Postby Pfish » Sat 25 Aug 2007, 10:43:56

One of my beliefs is, people will always find material to support their own views. I find Gary North interesting, but I read his material with a grain of salt. This is the first time I have ever seen a list of who supposedly bought the bonds. I was under the impression the bonds were sold to the Asian countries. Hmmmmm……

One piece of news that I did not put in this thread is in the middle of August the secondary market for securitized RE Loans (read junk) has ceased to exist! A friend who is in the industry said this might only last for about 90 days. But only 20% of all loans are being funded with somewhere between 20%-30% needed for the down. Now, it has to be good enough for the banks to hold instead of packaging as a bond to the secondary market. (Insert sarcasm!)

Do you have any idea what this is going to do to the RE market?

The bond market saw this coming a year ago with an inverted yield curve.

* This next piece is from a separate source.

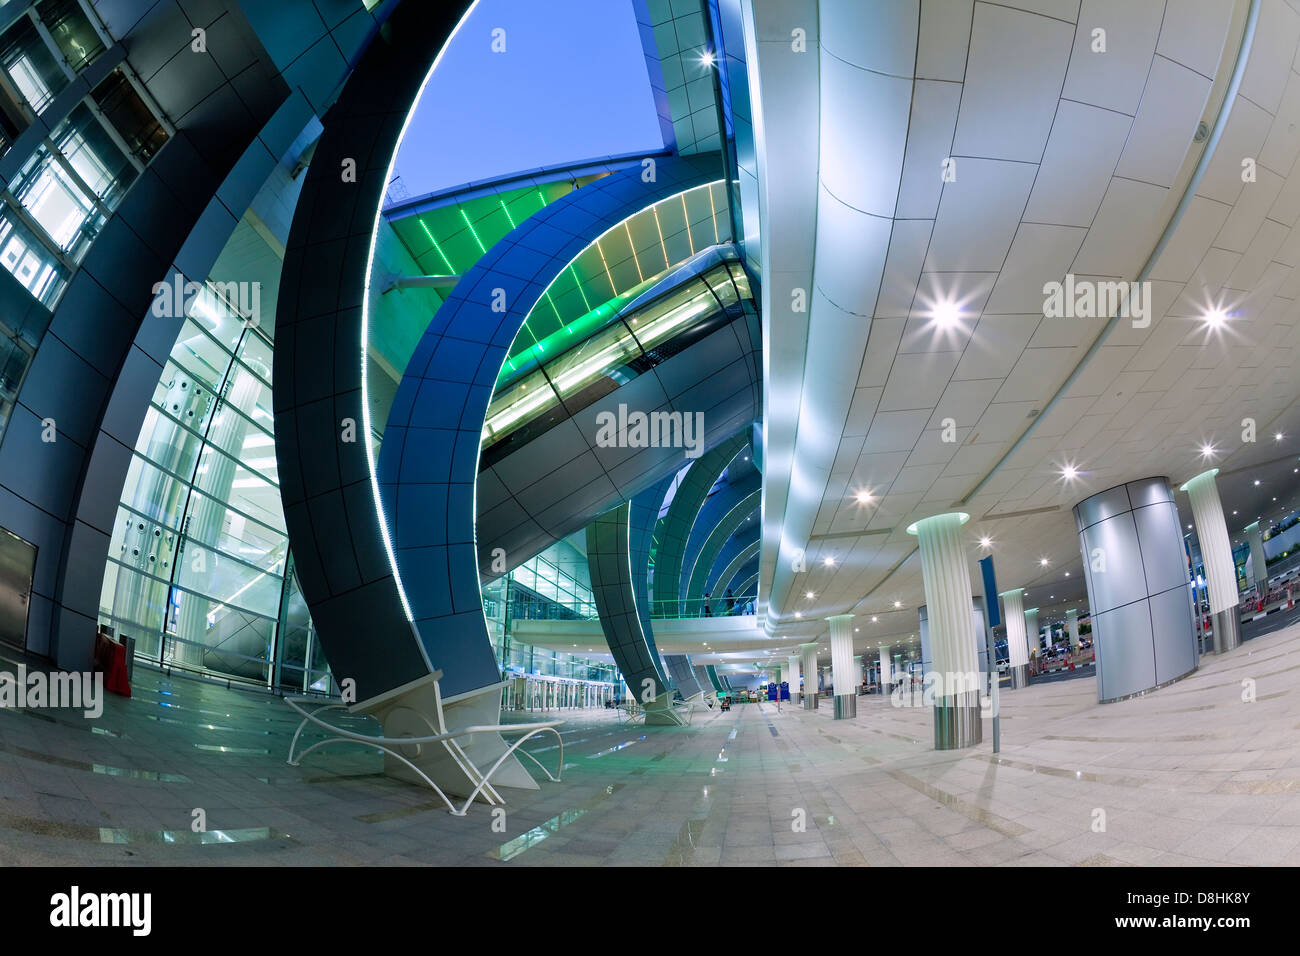 L'architecture moderne et élégante de la 2010 s'est ouvert la borne 3 de l'Aéroport International de Dubai, Dubaï, Émirats arabes unis, Émirats Arabes Unis Banque D'Images

The stock market picked up on it August.

It will finally hit home with the public about the same time we are cutting turkey up on the table and watching football.

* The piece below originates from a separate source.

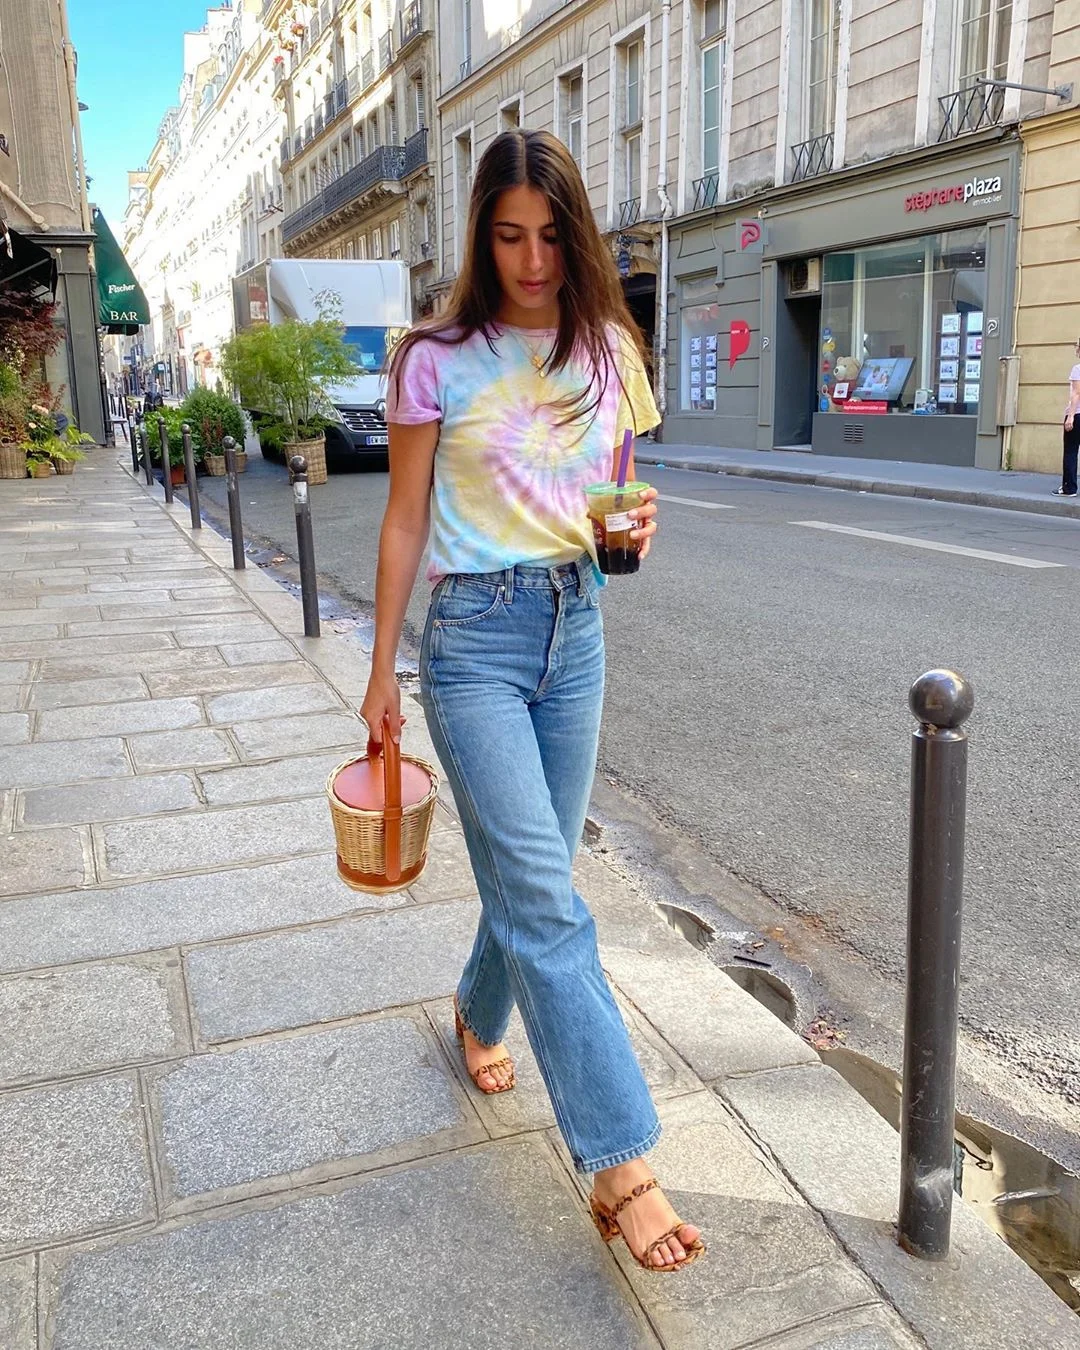 Як літом одягаються французькі жінки: 50 прикладів з Instagram - фото 484314

For all you RE doomsayers and contrarians, it would seem your wish will come true.

Personally, I knew RE was headed into the dumps while on a bachelor party in Las Vegas, I received lectures by a taxi driver and a waitress on the same day on “How to flip homes for a profit.”

The shizit is not going to hit the fan and destroy mankind. We have been through this before. But it is going to dent the lifestyles of the rich and famous who have made small fortunes on leveraged money.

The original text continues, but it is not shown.